Establish a feeding schedule
Kittens under 6 months should eat 3-4 times daily. A typical schedule: 7am, 12pm, 5pm, and 10pm. Once they're 6+ months old, move to twice daily. Measure portions according to the food bag — it's easy to overfeed and create an overweight kitten. Free-feeding (leaving food out all day) works for some households but makes portion control harder.
Introduce to other pets slowly
If you have adult cats or dogs, don't force immediate interaction. Let them smell each other under the door for a few days. Keep the kitten's space separate initially. Supervise all interactions. Most adult cats will hiss at a new kitten before accepting them, which is normal — intervention is only needed if there's actual fighting.
Expect the adjustment period
Kittens are often shy for the first few days in a new home. They may hide, not eat much, or be quieter than expected. This is normal. Avoid constant handling; let them come to you. After a week, they usually start exploring and showing their personality.
Litter training happens quickly (usually)

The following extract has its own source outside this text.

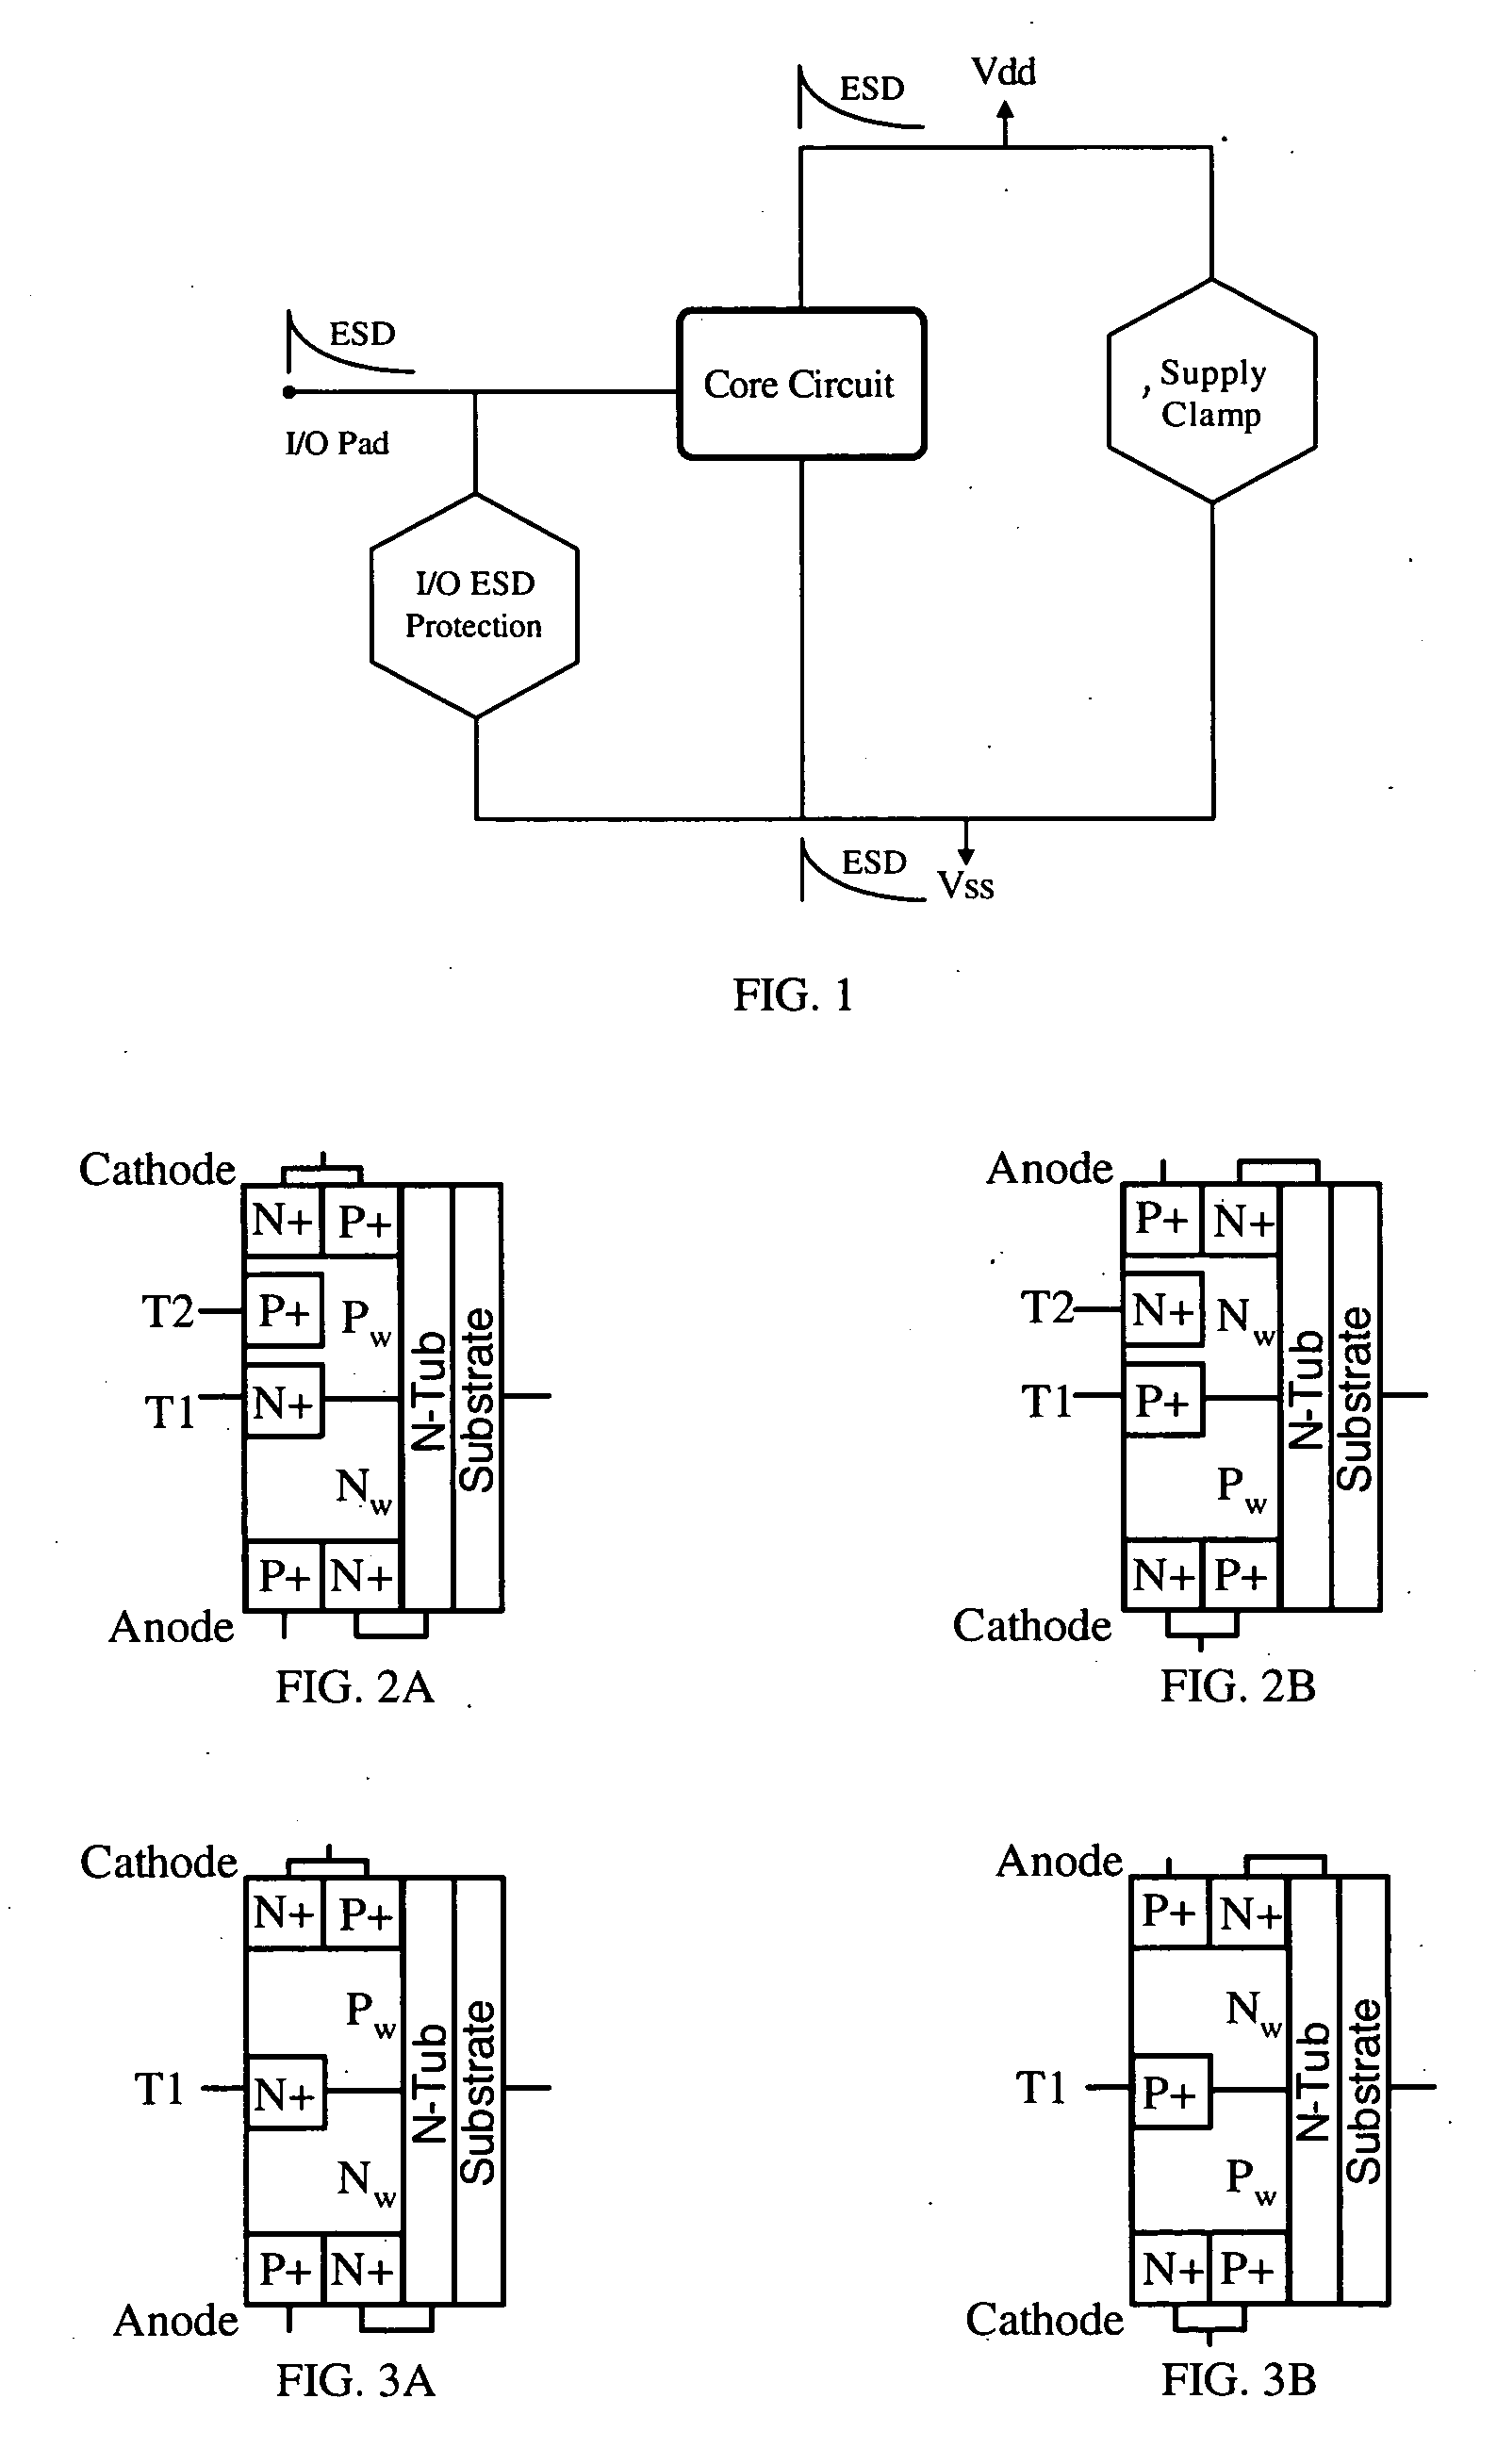 Electrostatic discharge protection device for digital circuits and for applications with input/output bipolar voltage much higher than the core circuit power supply

Most kittens will use the litter box instinctively if it's clean and accessible. If accidents happen, don't punish them — just clean the spot thoroughly with enzymatic cleaner to remove the scent. If they consistently miss the box, mention it at your vet appointment (sometimes it's a UTI, not a behavior issue).
Keep track of feeding times, weight changes, vaccine dates, and behavior milestones. The New Kitten Checklist has space for all of this, so you don't rely on memory and can spot patterns (like if they're eating less or using the litter box differently).
Final Checklist Before They Arrive
One week before bringing your kitten home:
- Order or buy all supplies (food, bowls, litter, box, carrier, scratching post)
- Kitten-proof one room completely
- Schedule a vet appointment
- Set up a feeding area with a placemat
- Have your vet's phone number saved in your phone
- Ask the breeder or rescue for the kitten's full history (food brand, medical records, personality notes)
- If you have other pets, start the introduction plan
- Make sure your home insurance and any rental agreements allow cats
The first week will be busy and sometimes chaotic, but it goes faster than you think. After that first vet visit and once they settle in, you'll find your rhythm. And within a few weeks, you'll wonder how you ever lived without them.